Among collectors of paintings there was a carnival interest in van Meegeren, the kind of curiosity that lures people to the freak exhibits. From London, New York, Paris, there were orders for portraits, for book illustrations, for new oils “in the style of Vermeer.” Van Meegeren desired to resume with brush, palette and canvas, but was unable to begin. His resolve and wasted body were weak. His impending imprisonment hung over him daily.

In those days of waiting, he had nurses, he had a few friends in, he had regular visits from his son, Jacques. Since there were no police to stop him, he took to walking along the canals in the afternoons, greeting and accepting the compliments of the populace. In the evenings, he often attended his favorite cafe. He drank heavily. He slept lightly, poorly, despite the drugs. He got weaker. After five weeks in limbo, he collapsed. He was rushed to the Valerius Clinic in Amsterdam. During the evening of December 30, 1947, he suffered a severe heart attack and died.

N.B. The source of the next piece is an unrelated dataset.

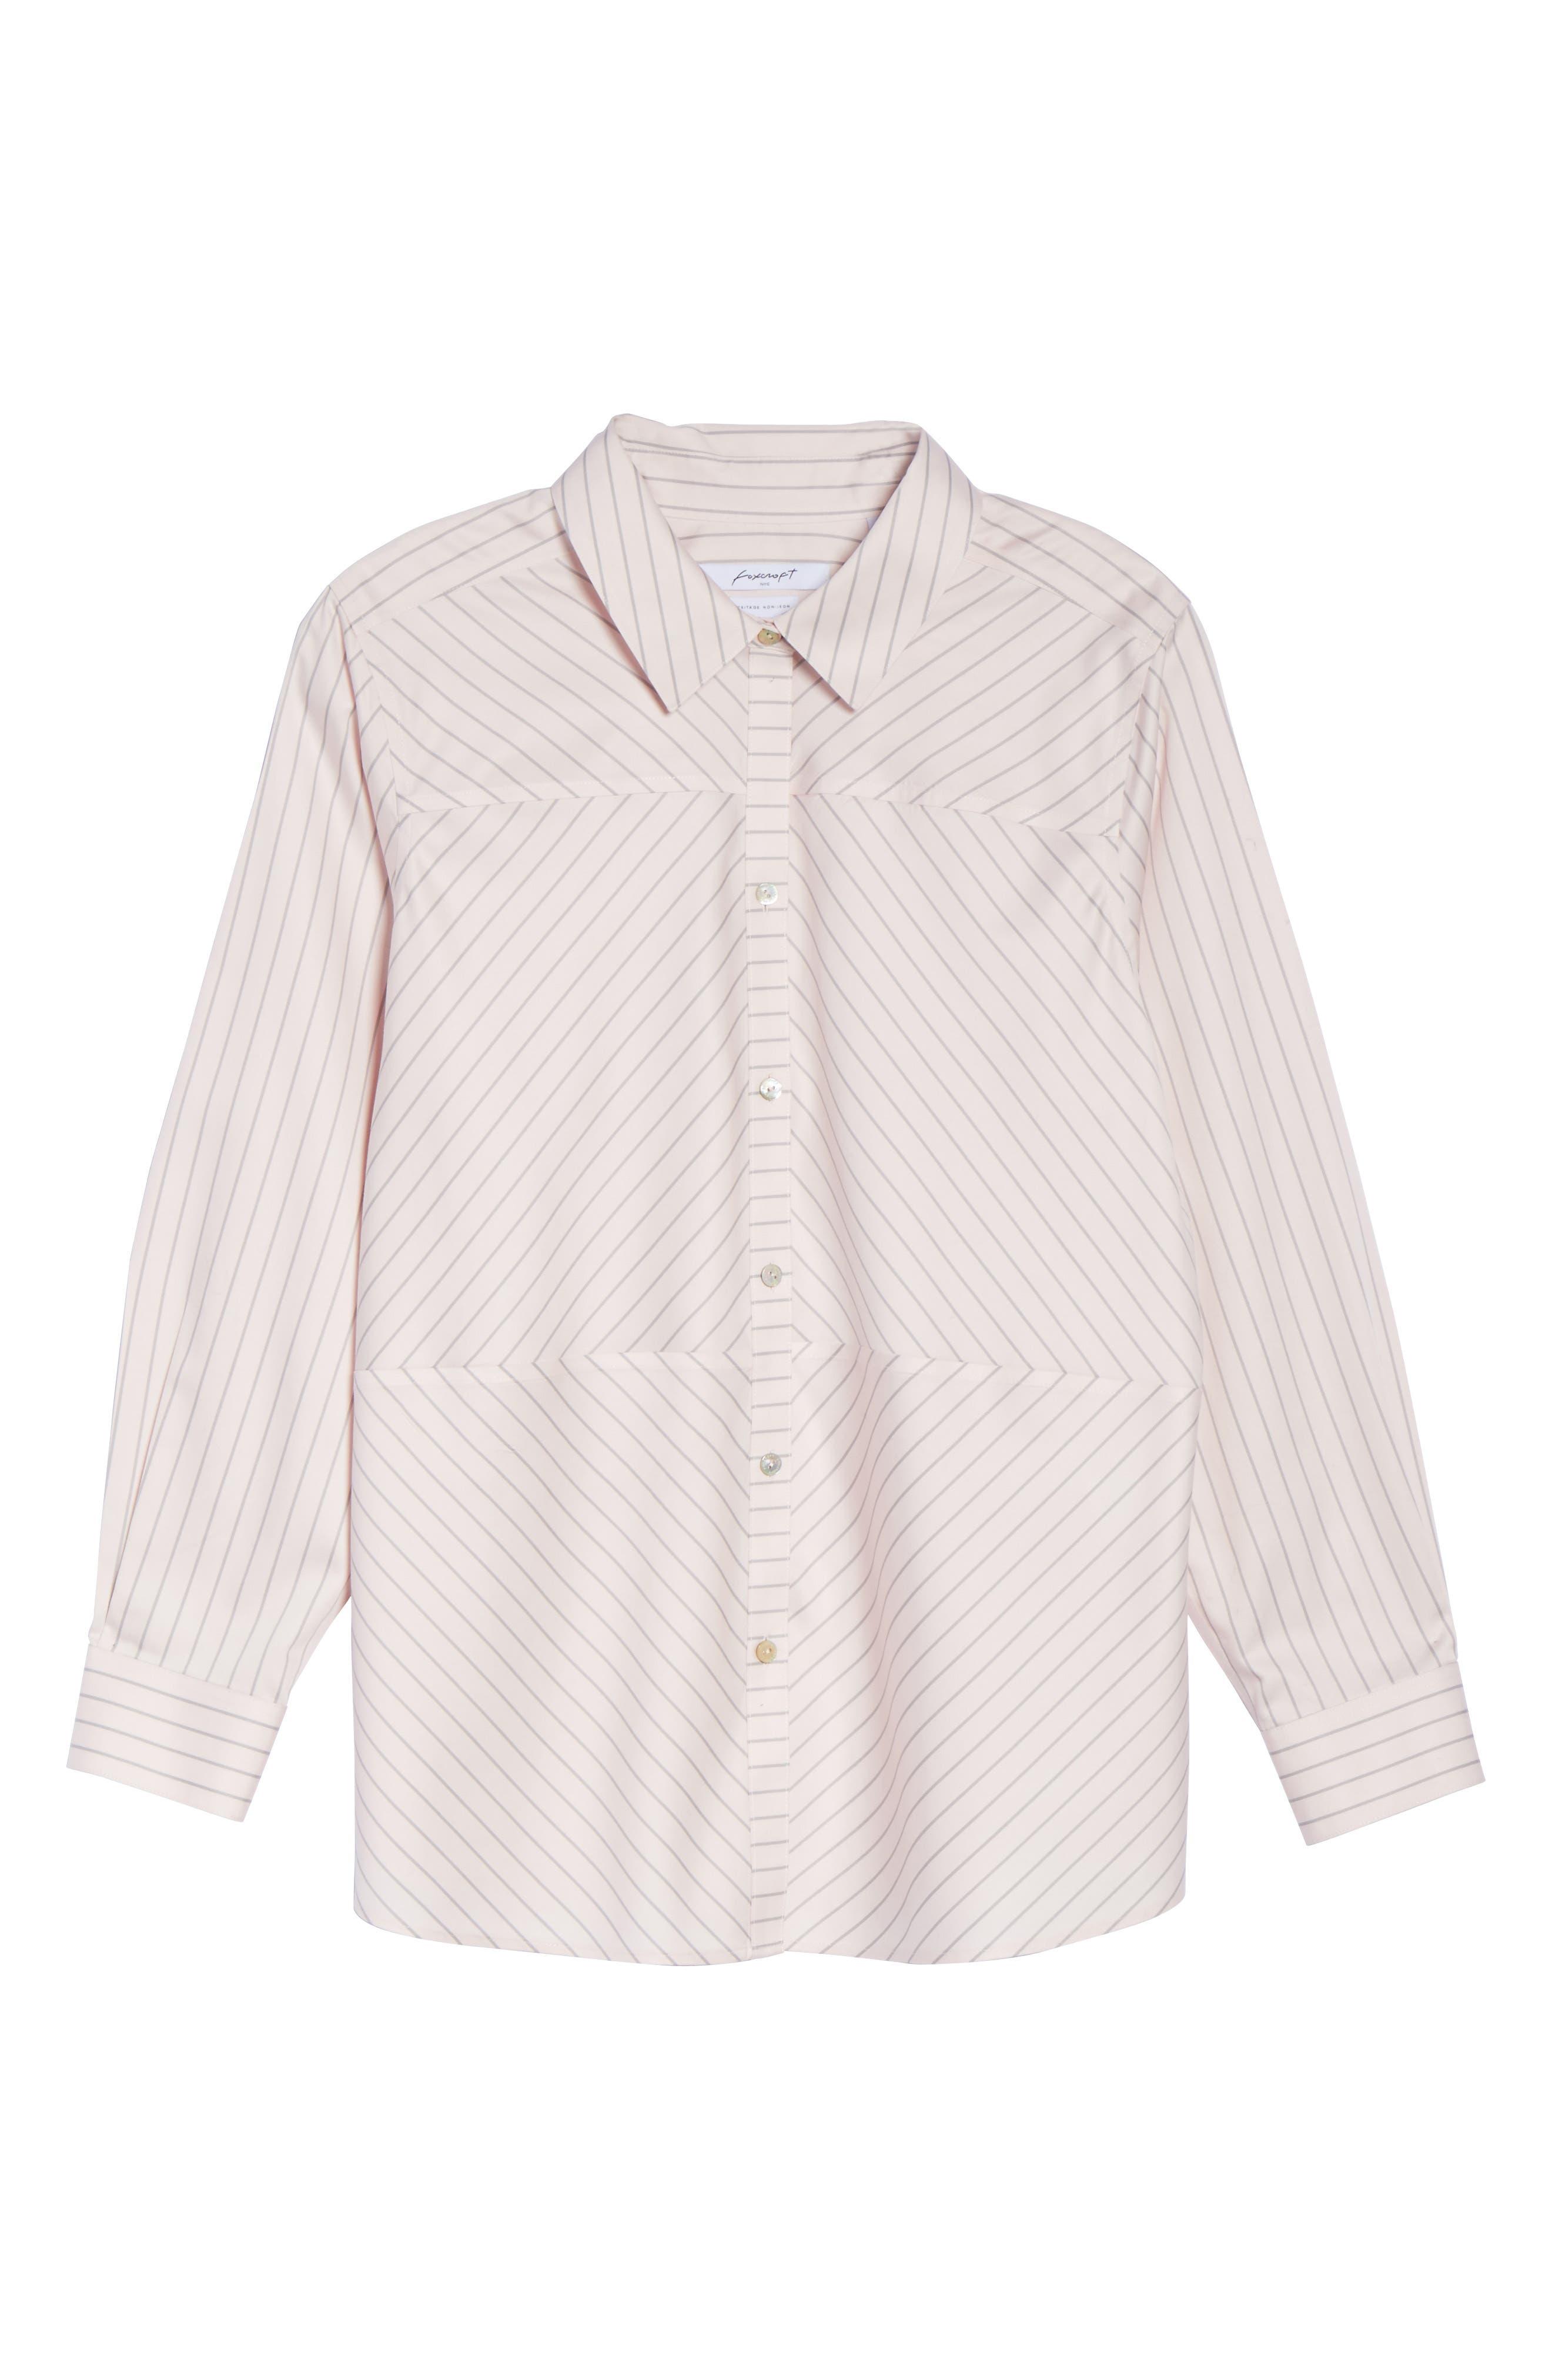 Monica Classic Stripe Shirt,                             Alternate thumbnail 6, color,                             BLUSH

Two days later, Paul Muni dramatized his life, based on my story, for listeners the length and breadth of the United States, and perhaps on that evening, Hans van Meegeren had his resurrection, and his real legend began.

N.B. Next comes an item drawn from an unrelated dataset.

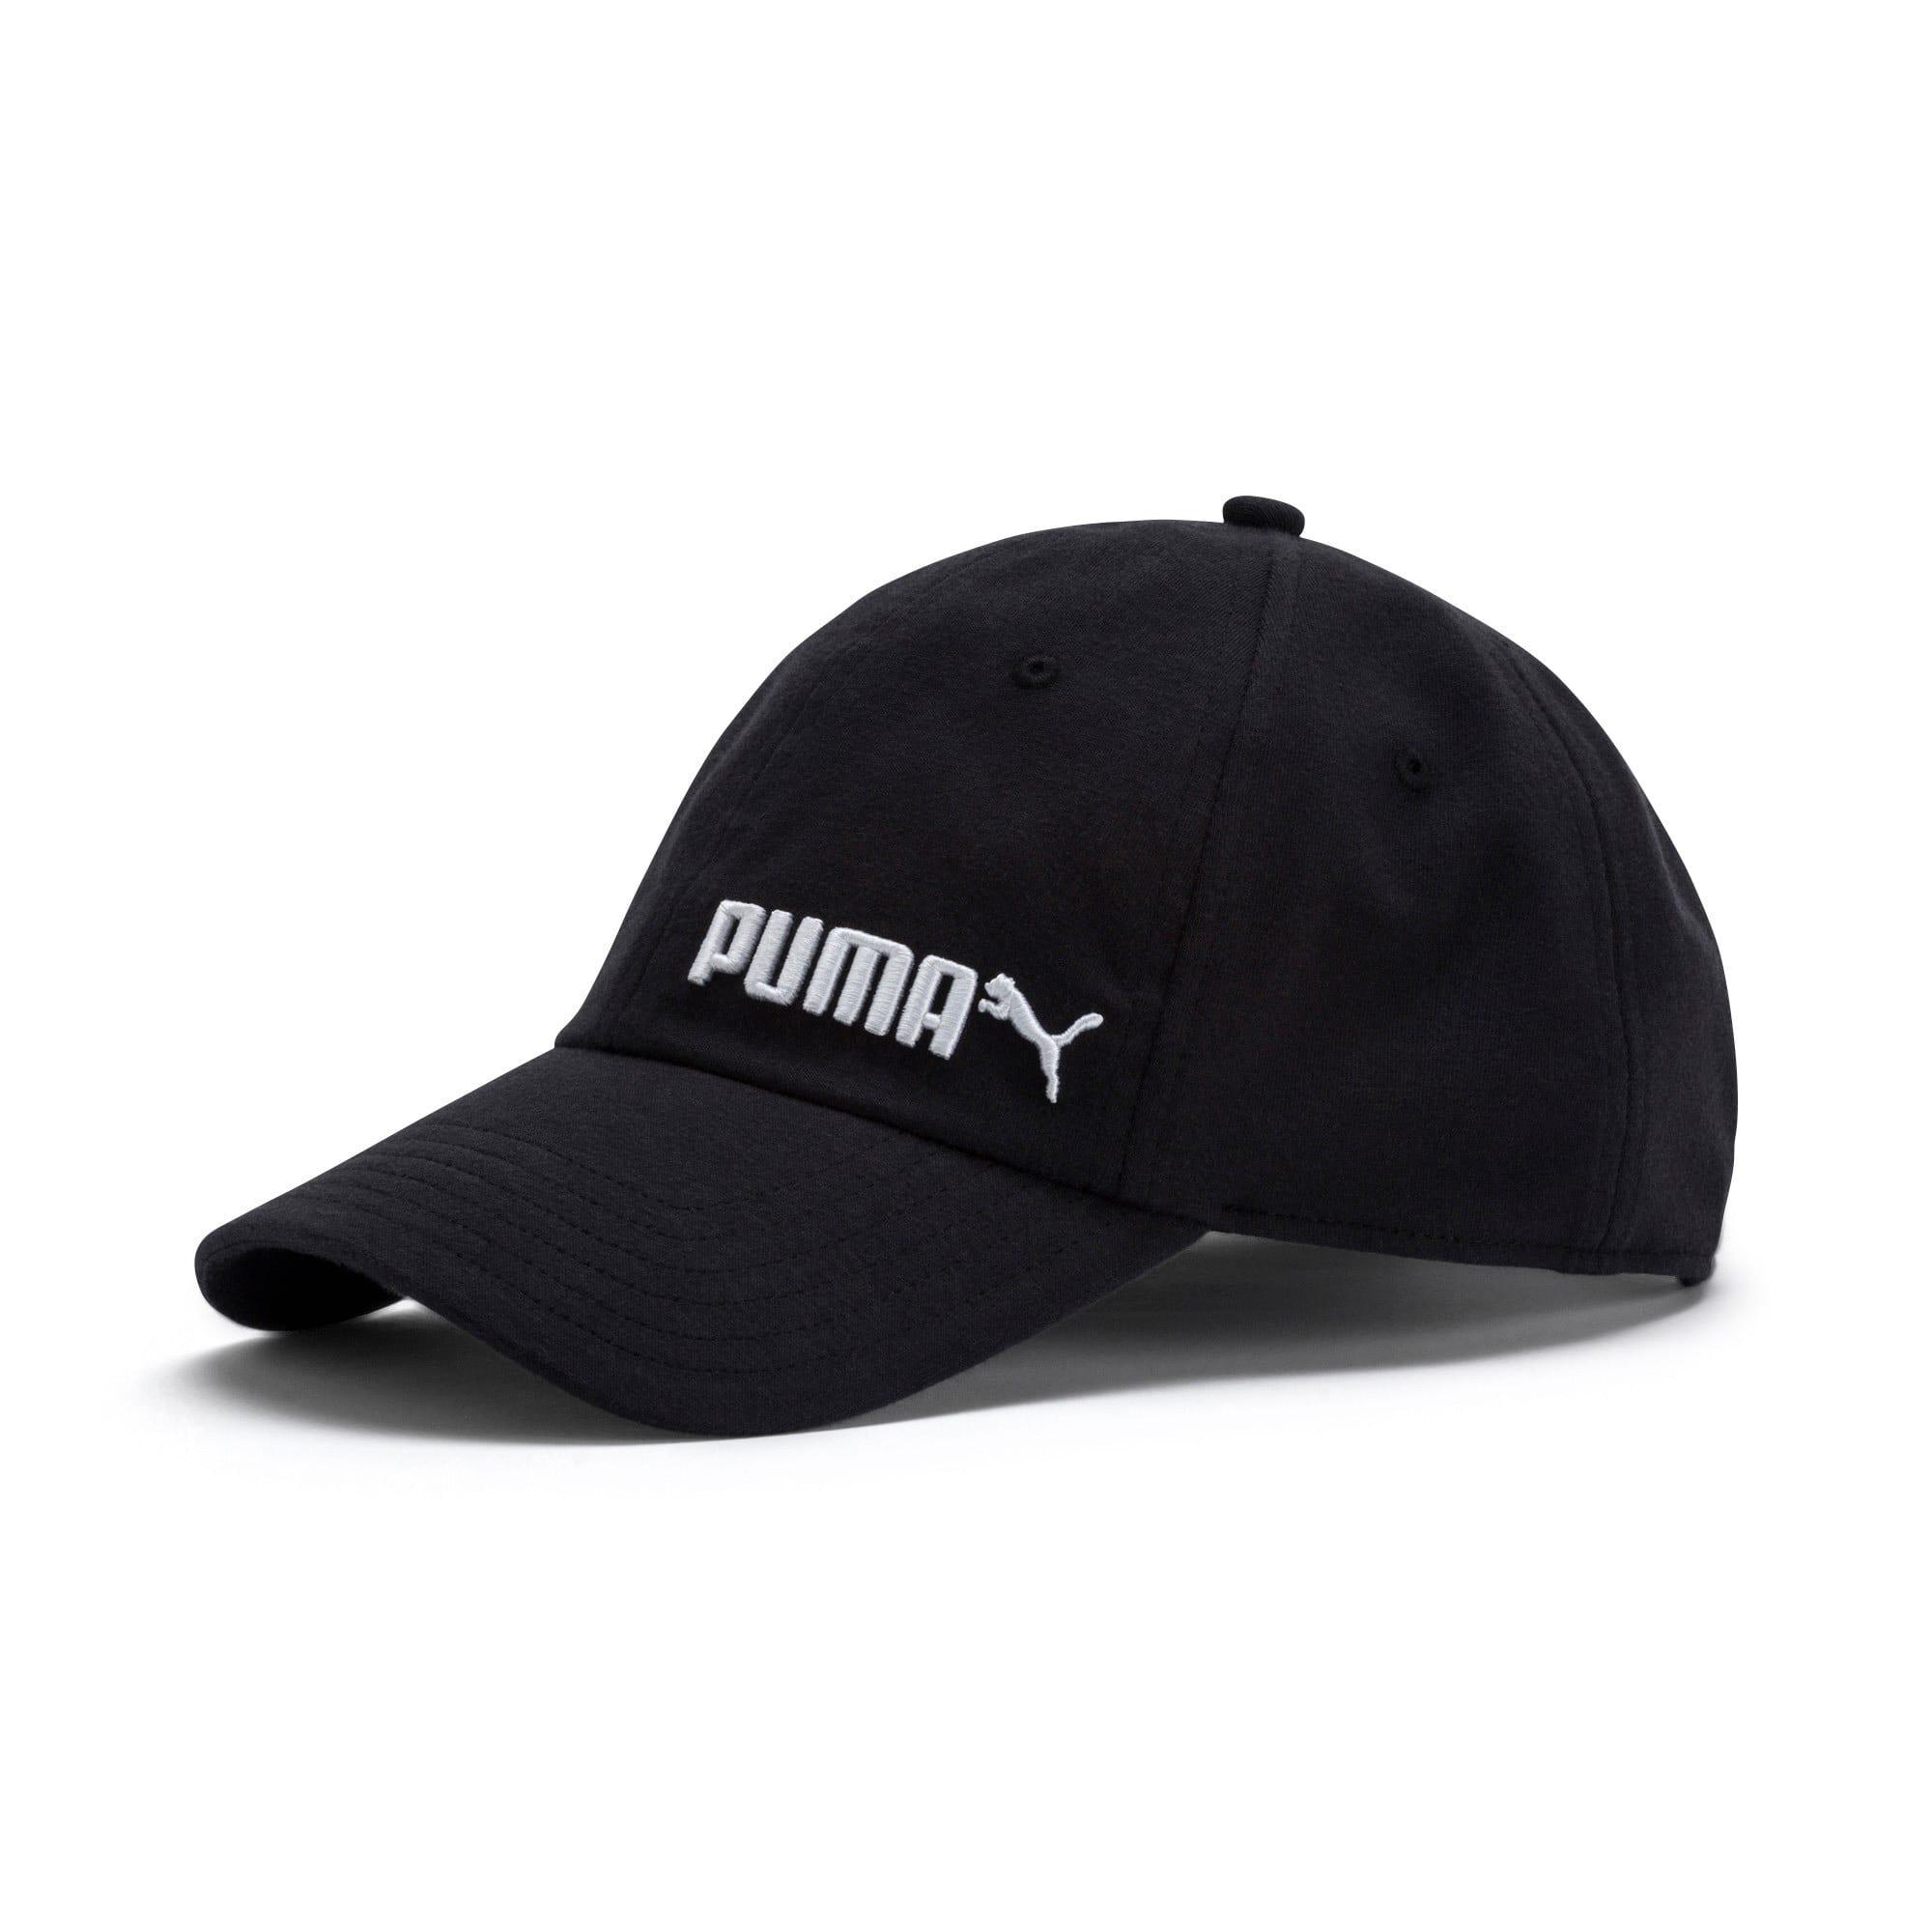 Thumbnail 1 of STYLE Fabric Cap, Puma Black, medium

Today, the legend is stronger than ever, the legend of warped genius.

Van Meegeren’s last word to posterity was encompassed in his prison confession. It was, according to a 1946 dispatch by the Reuters news agency: “that he had produced work intrinsically as good as that of the great masters. It gave equal pleasure and therefore did not defraud anybody. The only difference, he said, was the signature.”

Two posthumous judgments would have appealed to him. One concerned his talent, and the other concerned his critics.

In 1949, in London, there appeared Dr. P. B. Coremans’ judgment of Hans van Meegeren’s gifts:

“Van Meegeren was indisputably the greatest forger of all time. As an artist, he achieved the best and the worst since his natural gifts were warped by the line of least resistance, the lust for gain and luxury. These same characteristics are evident in his fakes. An immense conceit and contempt (if not hatred) of the official art world made him create the beautiful painting of the Disciples.”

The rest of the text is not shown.